Doing a lot of thinking about telling my parents we’re getting married. That sounds like the sort of conversation that should be joyful, but as with so many things in families, it’s more complicated than it should be. My mom (who is the Minister of Foreign Affairs in their household) really doesn’t like Z, although over the last three or so years of our six-year relationship, she has been civil to him most of the time.

So Goddess knows how that’s going to go. I really hate drama. I will ride to the end of the Earth on an ill-fitting bicycle to avoid conflict. But my mom is a fucking drama queen. I don’t use that choice of words to be cruel. She was dealt a tough hand in her life, didn’t have healthy role models growing up, and has exhibited a lot of strength and wit in getting by as an adult. BUT. She doesn’t have a mature approach to dealing with people who are different than her set of ideals. (Z has flaws. I get it. But she can’t get past her perception of those flaws.)

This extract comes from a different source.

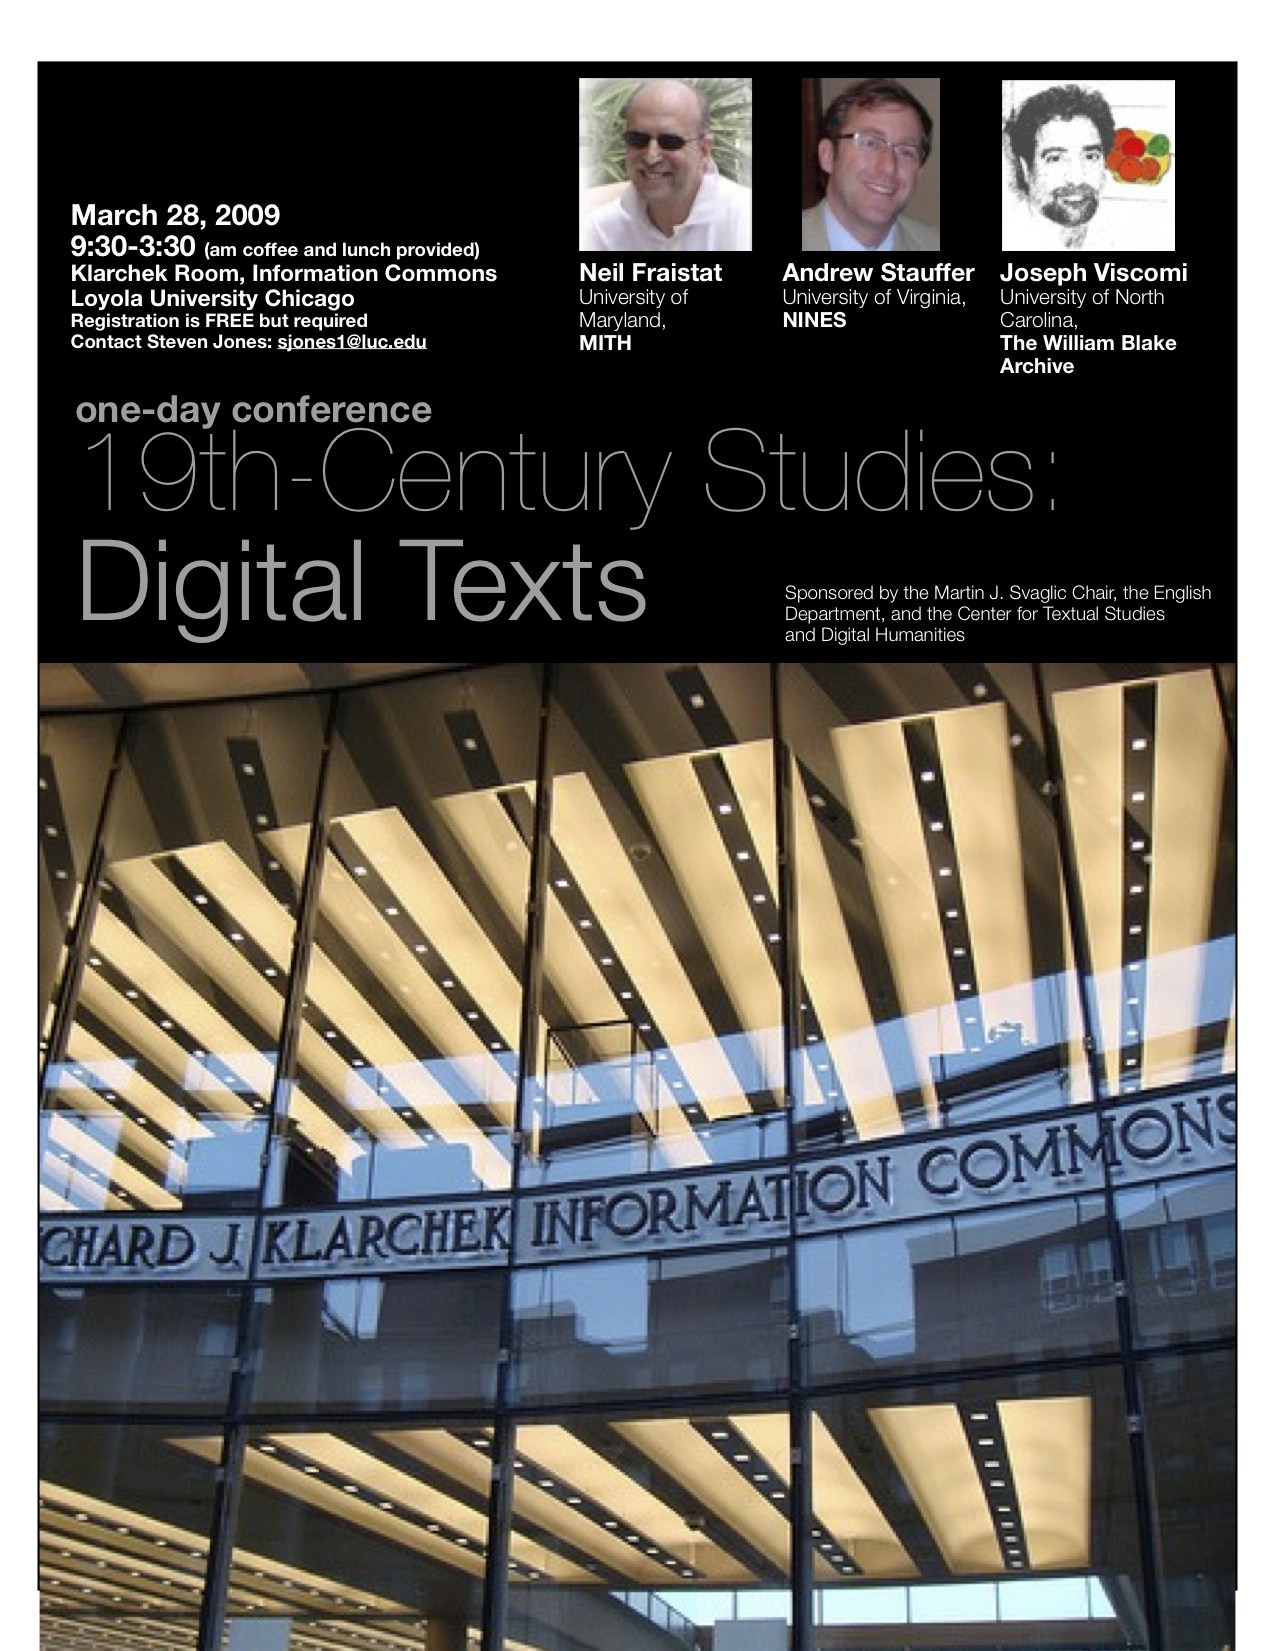 19th Century Studies Digital Texts - Neil Freistat (U Maryland), Andrew Stauffer (U Virginia), Joseph Visconi (U North Carolina, March 28, 2009

Although she does try, she also doesn’t really have a handle on when it’s appropriate to just let me live my life. (Case in point – she called me yesterday all worried about whether or not I pluck my eyebrows. She is seriously worried that, should I pluck my eyebrows, they’ll never grow back and I will regret it terribly when I’m older. Of course, I reassured her that I would never do such a thing. Because really, do I want to have a fight about my eyebrows? I do not.)

So all this is to say that, while I want to do the right thing, and have my parents over for a nice dinner and tell them, like a group of mature adults that Z and I have decided to solemnize our relationship, there is a very real potential that it could all go sideways. Best case scenario: a sort of horrified silence, and an undertone of sadness to the rest of the evening, because they have GOT to have seen this coming. Worst case scenario: sobbing, insane accusations, damaged relationships.

We’re going to do it anyways, because the time is here for me to be the grownup in my relationship with my parents. I need to set the tone of mature, compassionate interactions. If I think telling them we’re getting married is going to be a gong show, wait until we tell them we’re having a baby. Wait until we tell them that baby is going to the supreme evil DAYCARE. (Remember the eyebrow conversation? Well my mom doesn’t believe in daycare. Jesus.)

Grown-up me. Strong me. While I certainly have the capacity to over-think anything at all, I am reasonably sure that this is what I want. Z and I have a low-drama, supportive relationship, and we make each other happy. I know there is nothing worse than parental disapproval – I remember my friend M all in knots when he first moved in with his then-girlfriend, because his Catholic parents disapproved. It’s a terrible feeling. But the solution is just to be sensitive and considerate of them, and try to have a mature relationship with them WHILE LIVING YOUR LIFE. And that’s what we are planning to do. Next weekend.